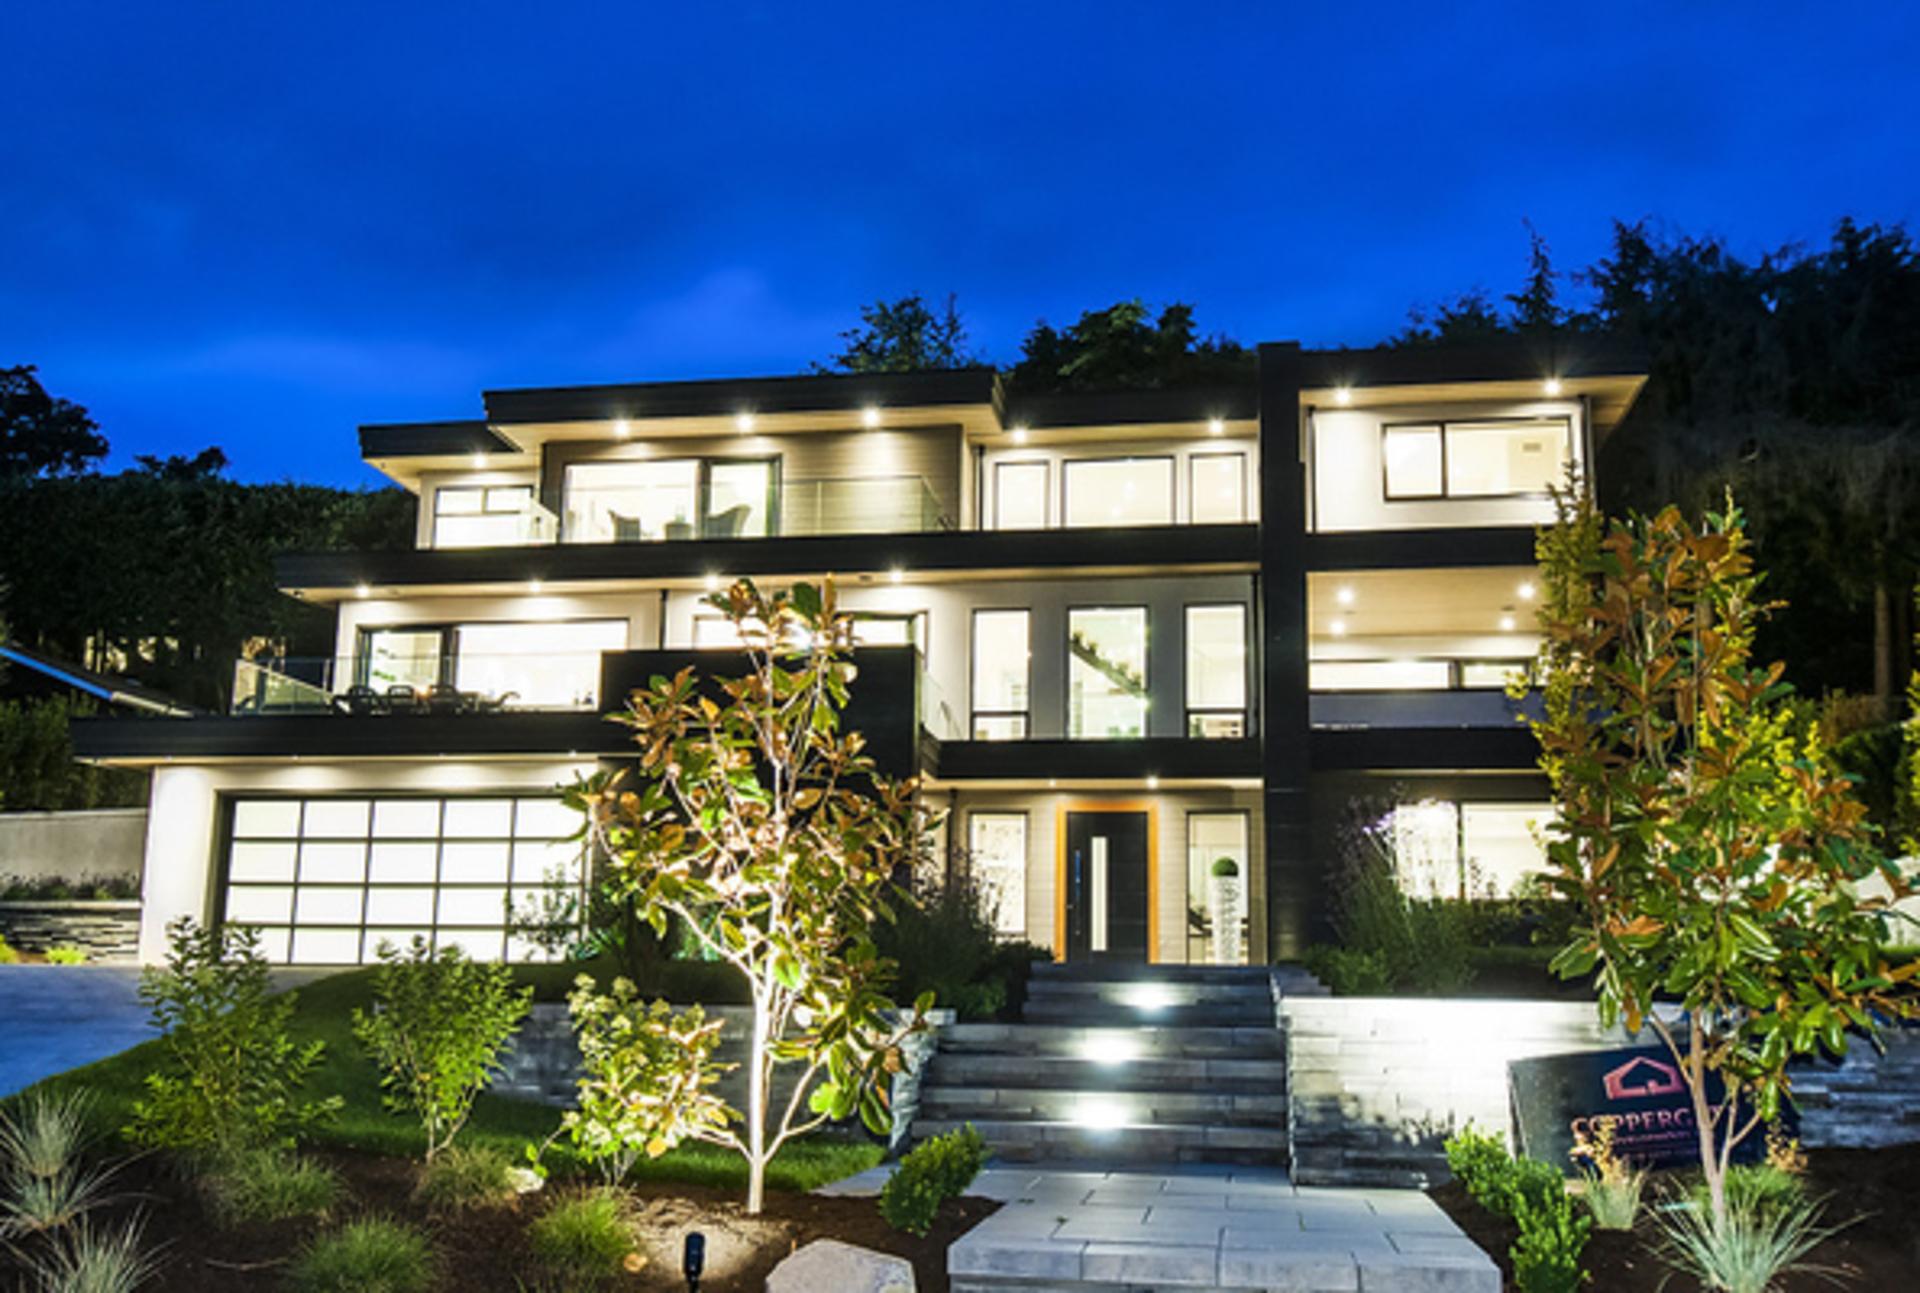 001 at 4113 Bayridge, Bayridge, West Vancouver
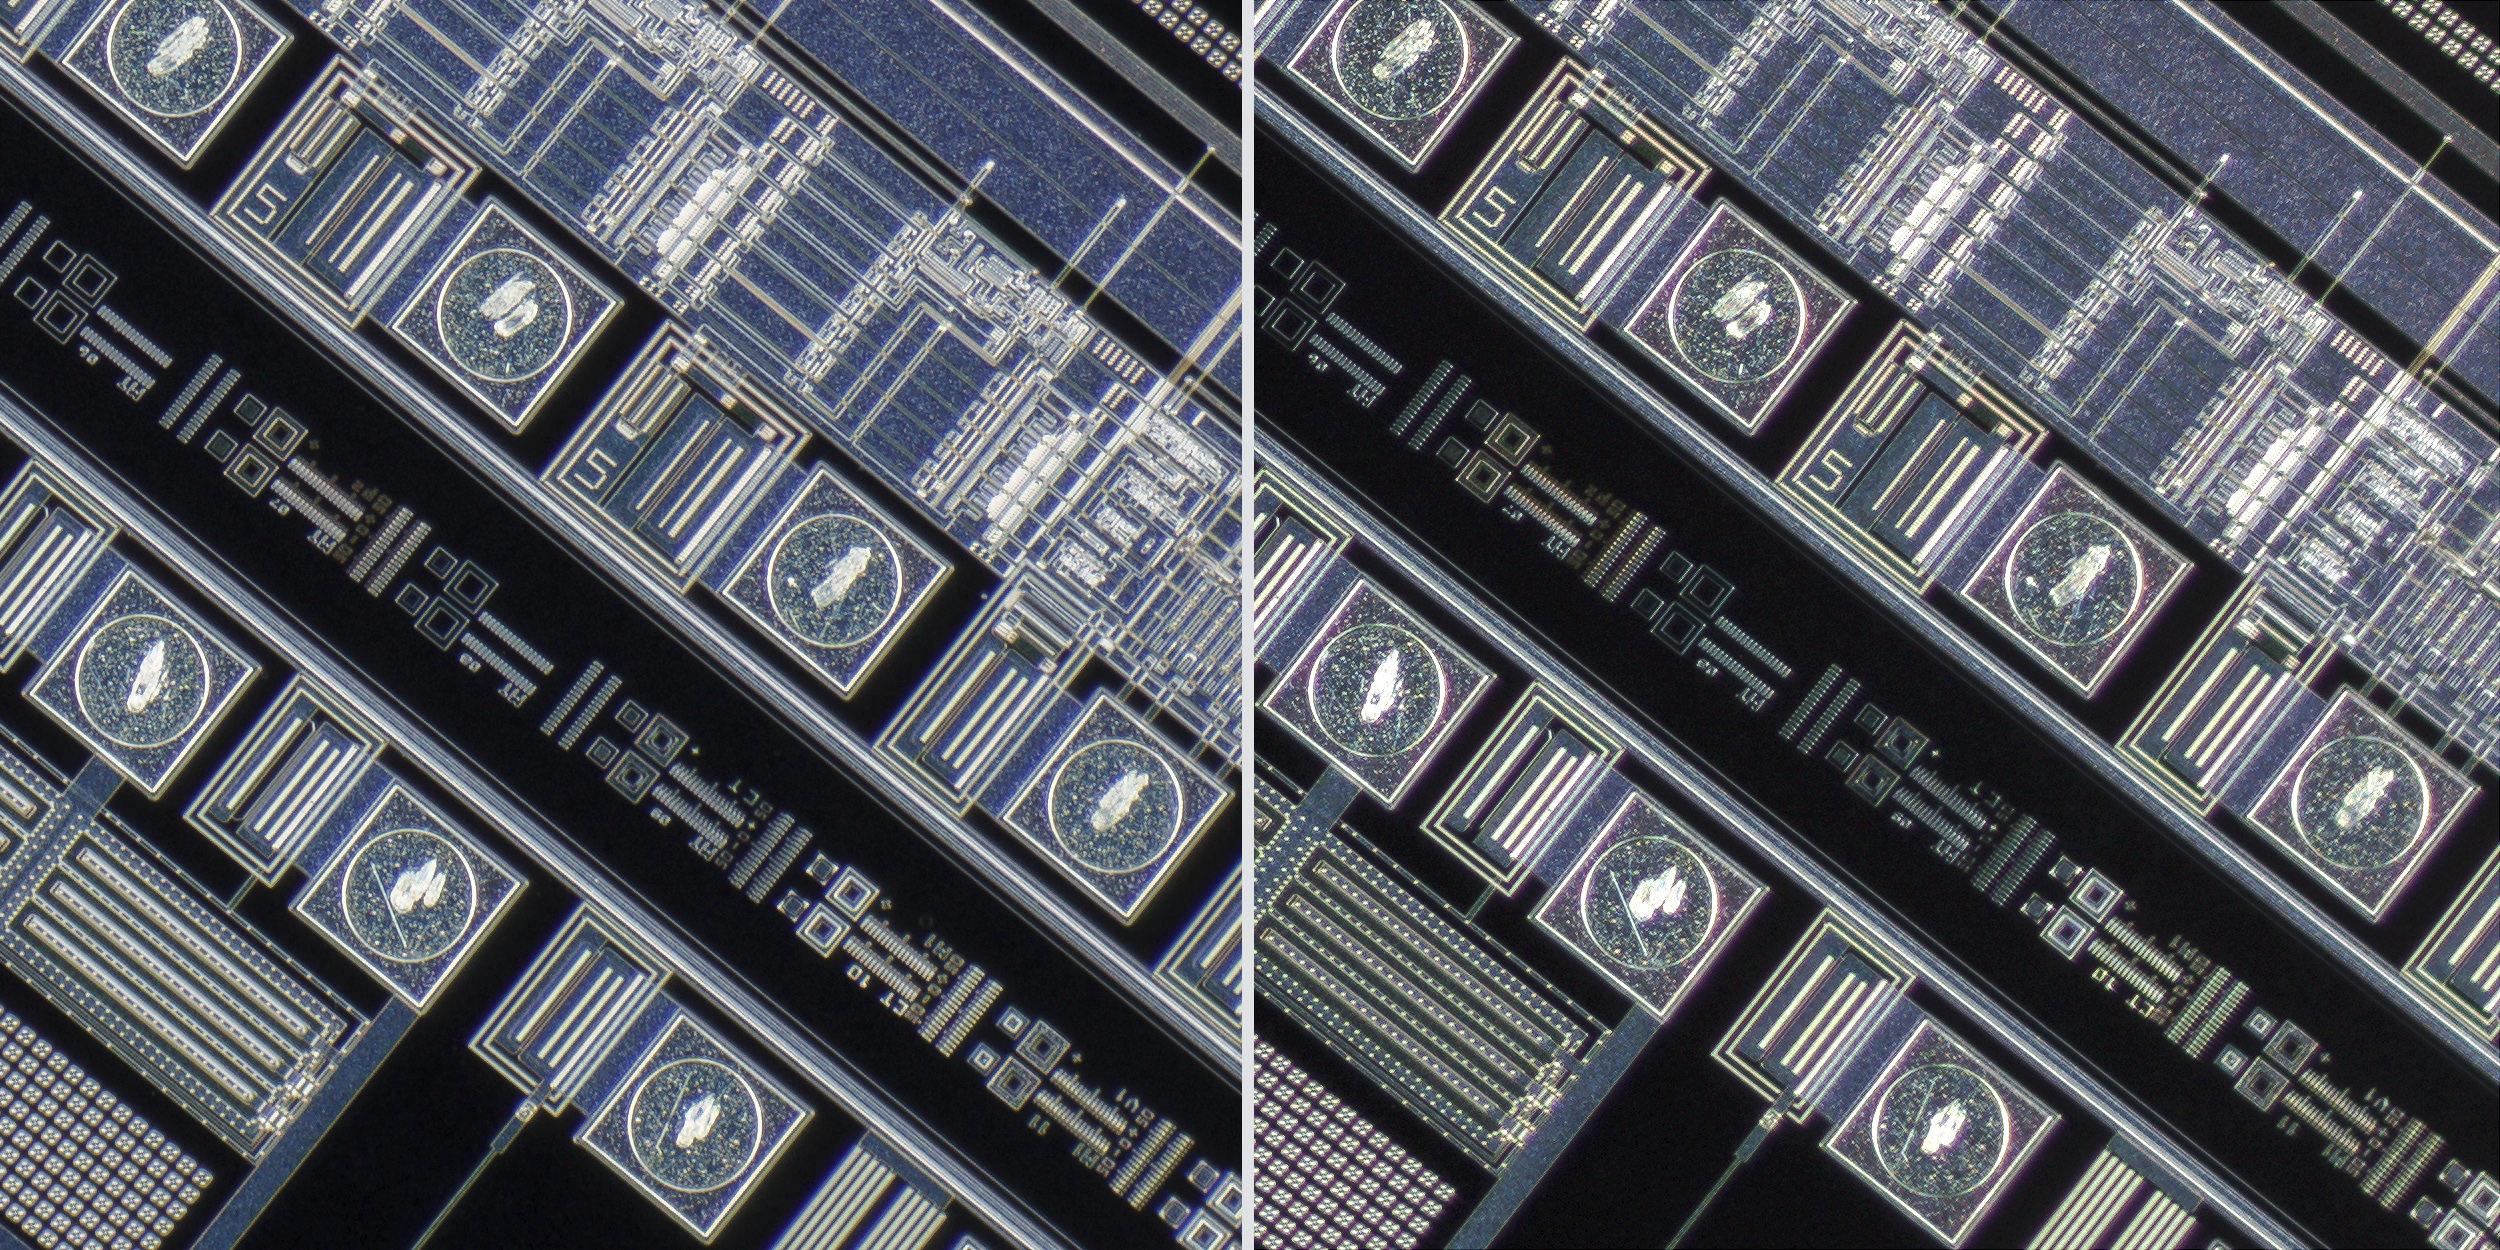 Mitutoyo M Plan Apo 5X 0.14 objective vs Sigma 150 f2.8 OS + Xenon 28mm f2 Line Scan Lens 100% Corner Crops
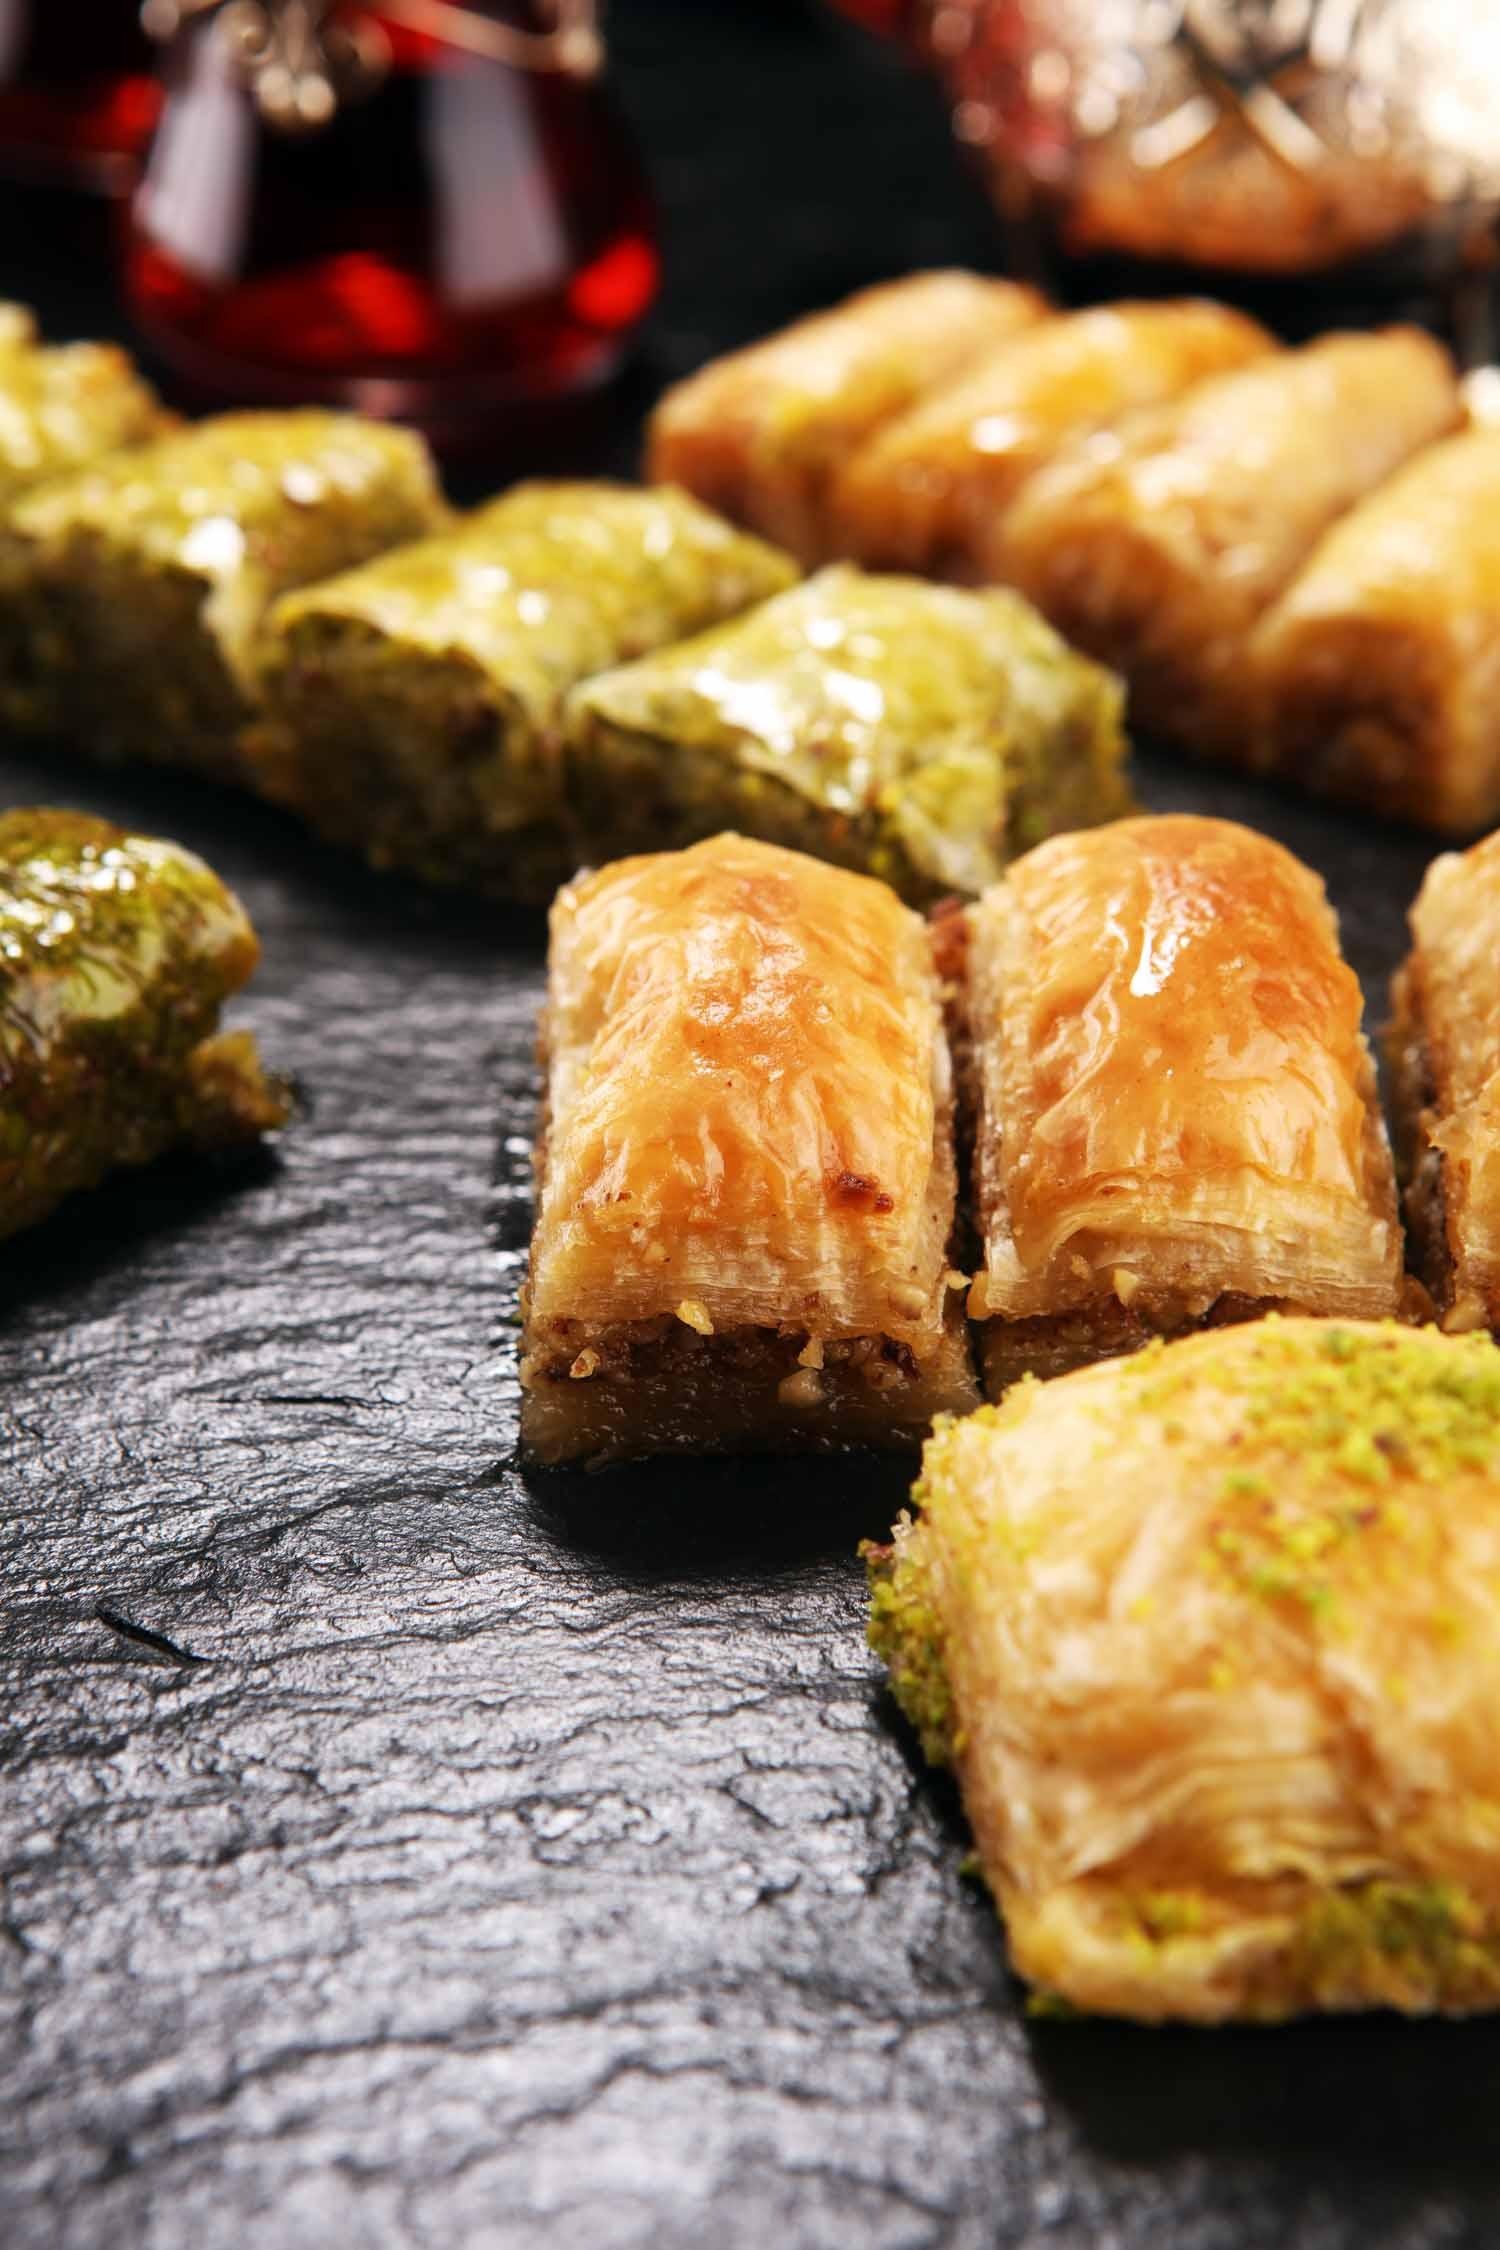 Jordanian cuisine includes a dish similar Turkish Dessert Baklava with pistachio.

:: Exercise aim ::
Please print the entire listing again exactly, minus its images.

:: Task response ::
 001 at 4113 Bayridge, Bayridge, West Vancouver
 Mitutoyo M Plan Apo 5X 0.14 objective vs Sigma 150 f2.8 OS + Xenon 28mm f2 Line Scan Lens 100% Corner Crops
 Jordanian cuisine includes a dish similar Turkish Dessert Baklava with pistachio.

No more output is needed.